A friend writes;
There’s this preacher in my town in Colorado here who was Mr. Always Spirited and Mr. Always Trying to Do Something Positive and he was the kind of guy who could always talk someone down from a ledge or who would always finish roofing the Habitat for Humanity House or whatever, and this weekend he blew his brains out.? If the smileys all snuff themselves, what does that mean for the grumps?
It’s sad, but anecdotally it does seem like many people who spend a lot of time and effort trying heroically to be helpful end up with a terminal case of the blues.
I don’t know this person, and thankfully no one I have known well has suffered this malady, but it seems to me like at least some of these very helpful people are in part indulging in self-therapy, running apparently cheerily ahead of the reaper, until something trips them up.
This is by no means always fatal, but the consequences would seem to be serious enough to indulge in a bit of prophylactic melancholy, so that when one of the inevitable slings and arrows of outrageous fortune hits, it isn’t a mortal wound. In some ways, failure can act as a kind of inoculation, the old cliche being ‘what doesn’t kill you makes you stronger’.

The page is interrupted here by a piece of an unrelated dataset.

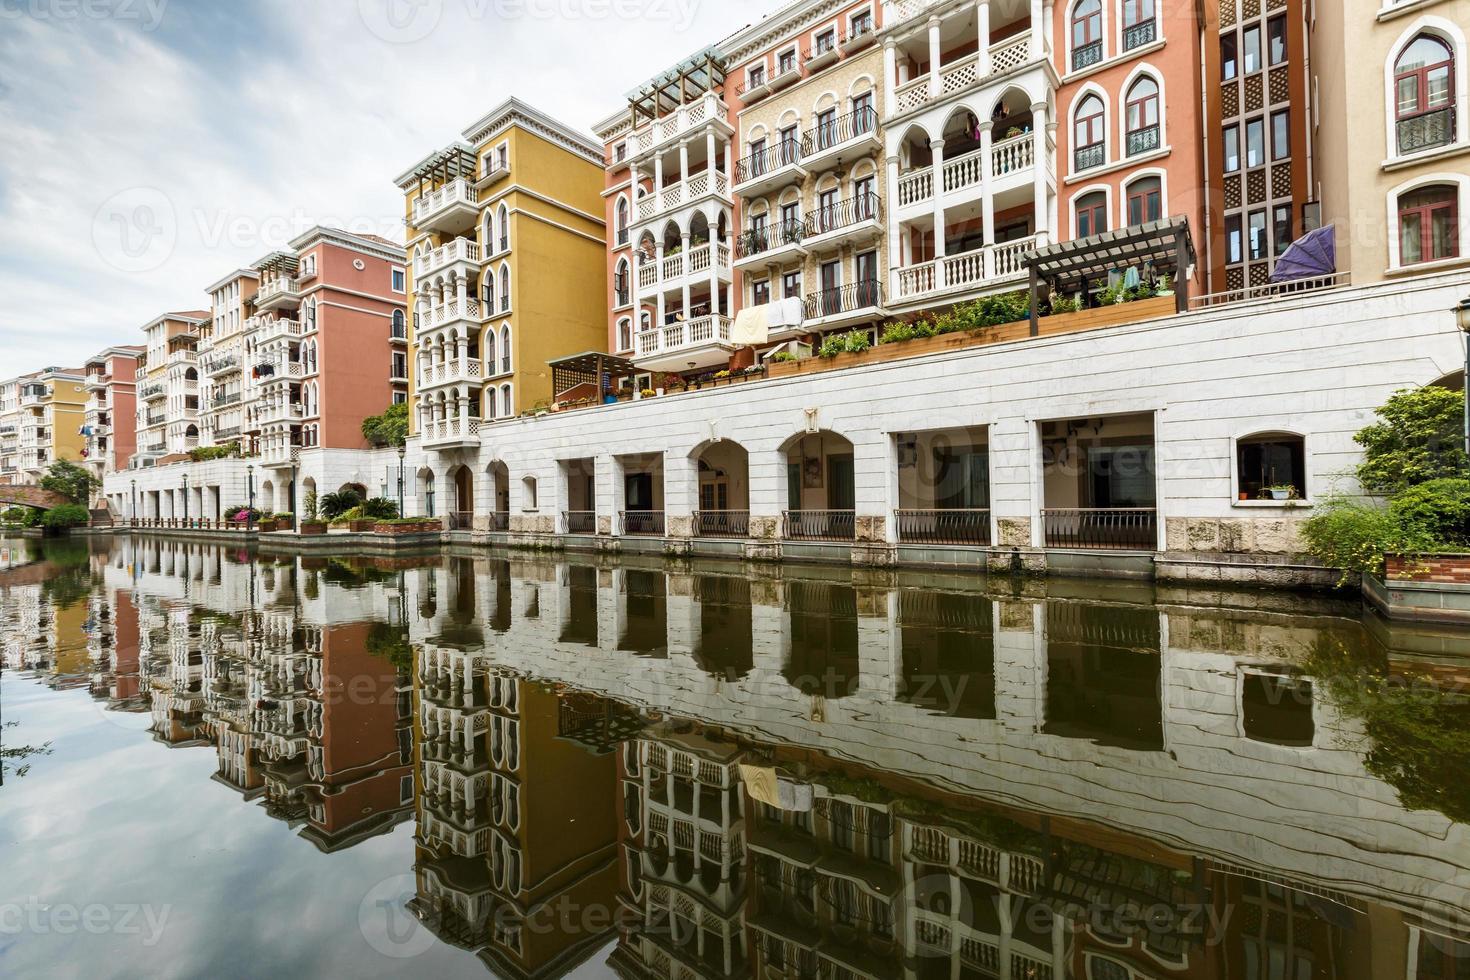 vorstädtische Wohnhäuser in Hangzhou, China foto

Though I can’t recommend ‘vaccinating’ oneself by deliberately bringing misfortune down taking considered risks early in life almost guarantees a few serviceable failures. It isn’t the failures that work the magic, but what coping with failure teaches you. In incremental, but important ways, the skills you learn have survival value.

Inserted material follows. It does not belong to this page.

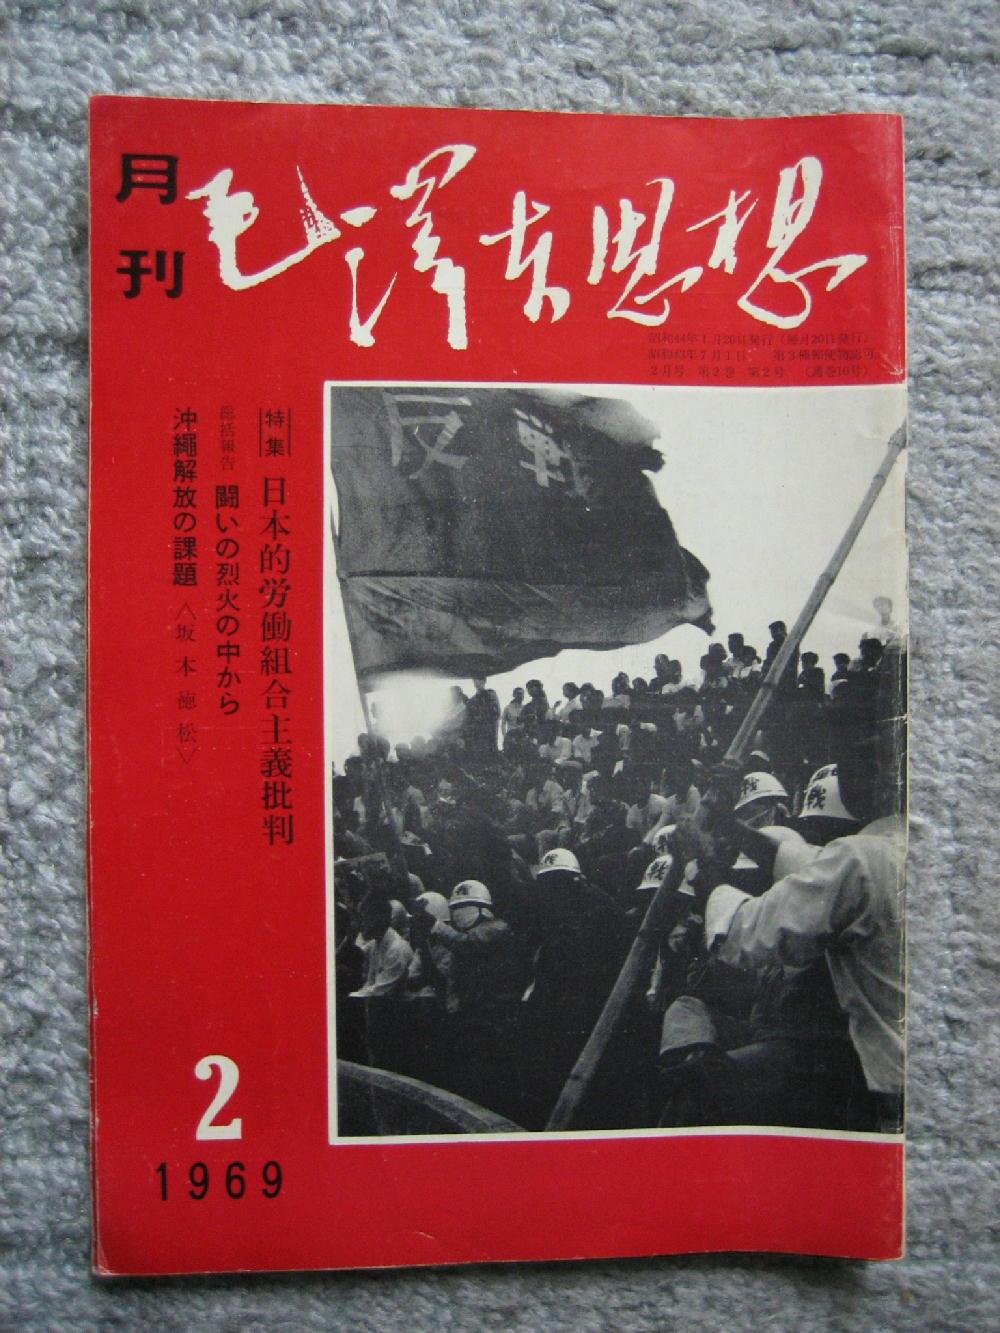 北海道の友人から 「毛沢東思想」など雑誌_d0027795_1111347.jpg

My own survival lessons include; flunking out of pre-med, losing at love, making a career move and finding myself alone and nearly broke in a strange city, asshole managers, brushes with the law, unbelievable working conditions, a couple of major disasters, marathon commutes, and myriad other indignities great and small, punctuated by bad relationships, boredom, and loneliness.
(Lest you think my life has been nothing but doom and gloom, I have spent less than 0.1% of my life even thinking about my personal failures, including this article. I’m deleriously happy now.)
In fact, the freedom to fail, and the imperative for letting failures occur could not be more timely than in the case of the financial and economic calamity we are facing right now. Failure in the cases at hand needs to happen, it should happen, it is not being permitted to happen, but in the end, after lots of painful, harmful, and completely necessary prolongation by government, I am convinced, it will happen anyway.
Dealing with each of these things taught me things about the corrective value of failure, the importance of family, and the support of good friends. I could easily have avoided failure by avoiding the risks. I could have accepted the failures as some divine judgement on my character, indicating to me that maybe I ought to tightly circumscribe my career and personal ambitions. Instead, I learned, I adapted, I sought out new directions, and I have prospered. Taking those risks has also taken me amazing places, shown me astonishing things, introduced me to incredible people, and enrichened my world beyond description.
And I’m still a realist. The world could go completely egg-shaped for me again one day. But I’ll be ready.